Source data:
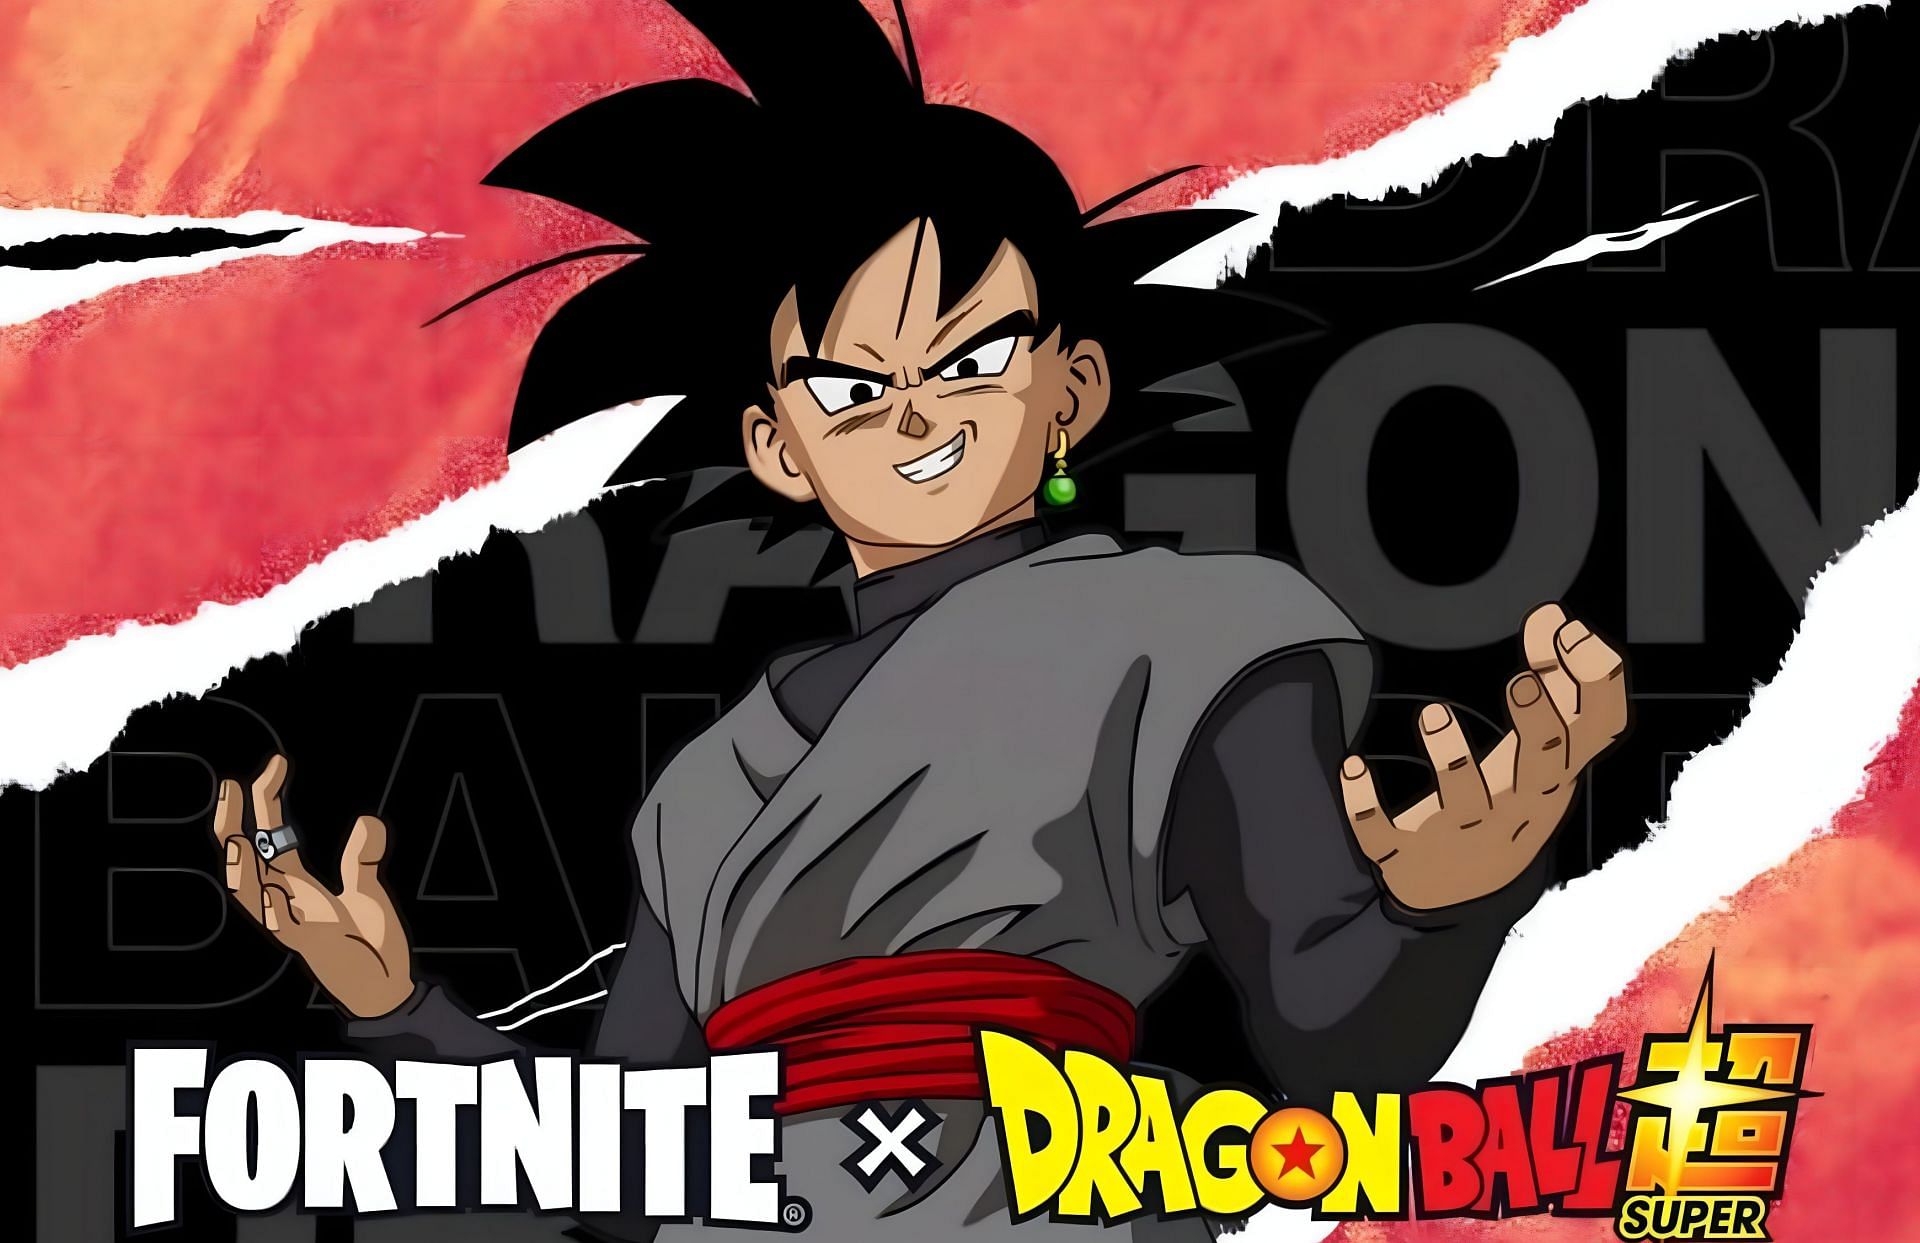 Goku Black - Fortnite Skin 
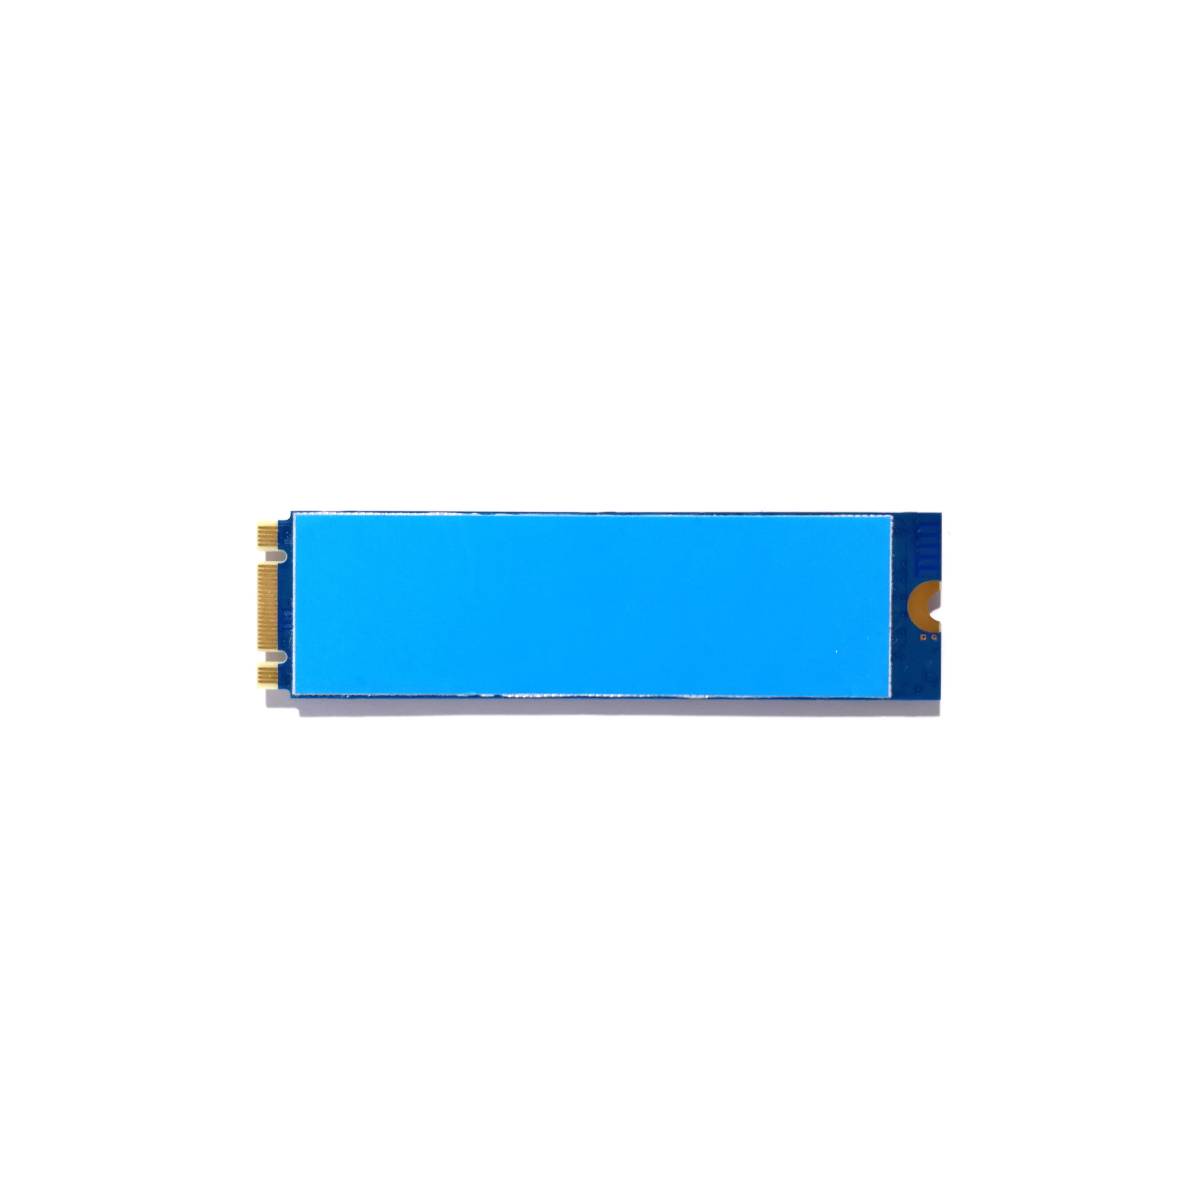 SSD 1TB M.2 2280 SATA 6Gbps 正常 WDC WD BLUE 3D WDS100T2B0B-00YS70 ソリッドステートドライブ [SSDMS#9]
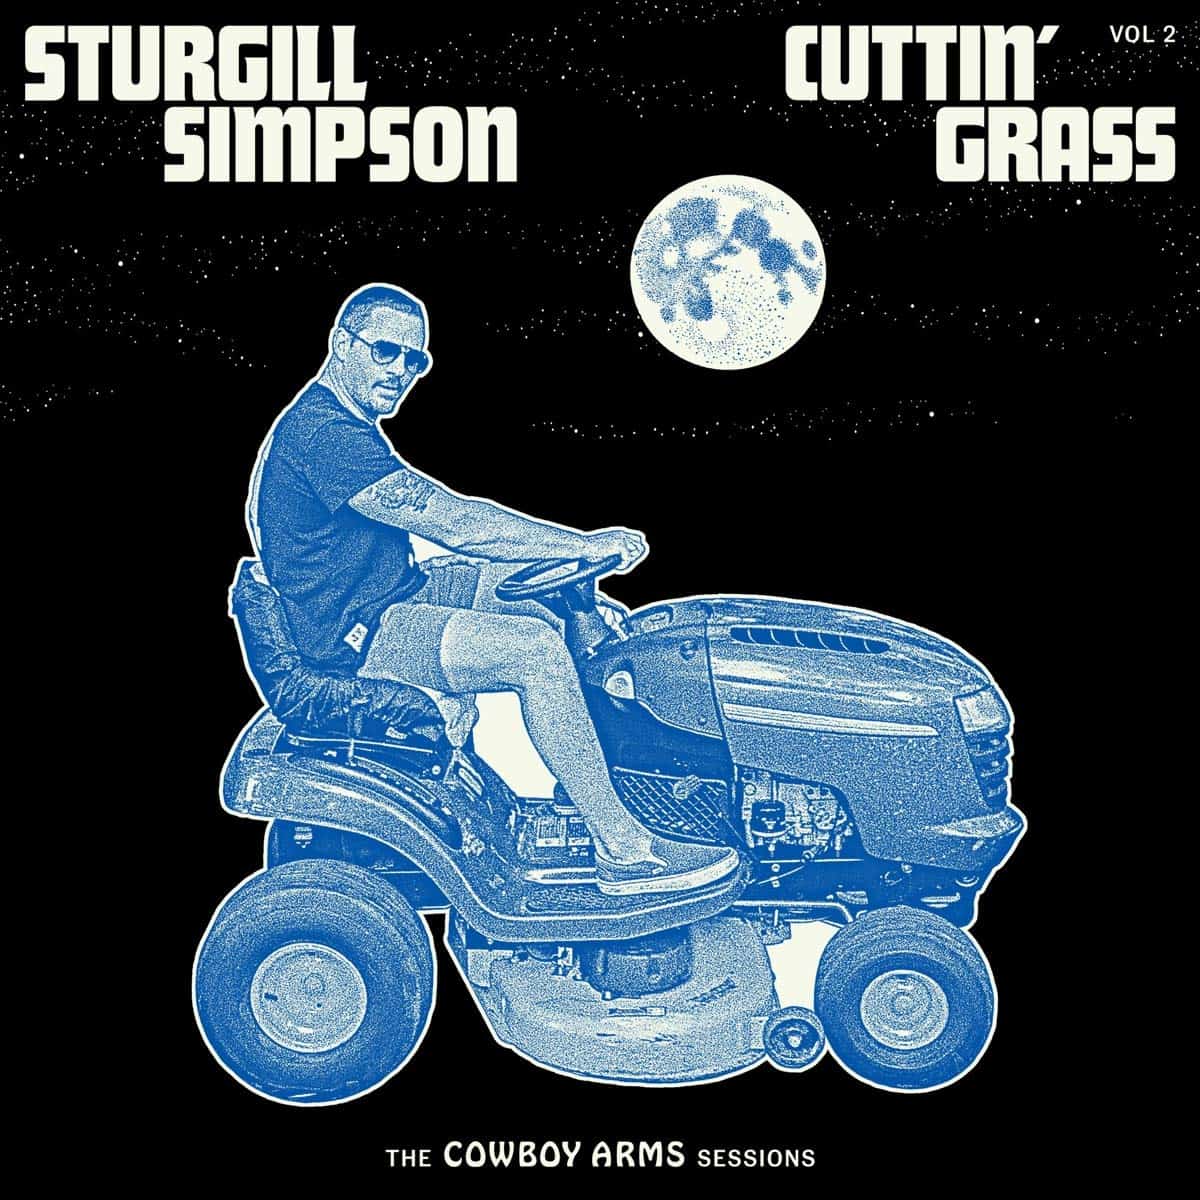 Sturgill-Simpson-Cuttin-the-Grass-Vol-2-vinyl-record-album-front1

What you will do:
Restate the whole listing above exactly, except for its images.

Answer to the problem:
 Goku Black - Fortnite Skin 
 SSD 1TB M.2 2280 SATA 6Gbps 正常 WDC WD BLUE 3D WDS100T2B0B-00YS70 ソリッドステートドライブ [SSDMS#9]
 Sturgill-Simpson-Cuttin-the-Grass-Vol-2-vinyl-record-album-front1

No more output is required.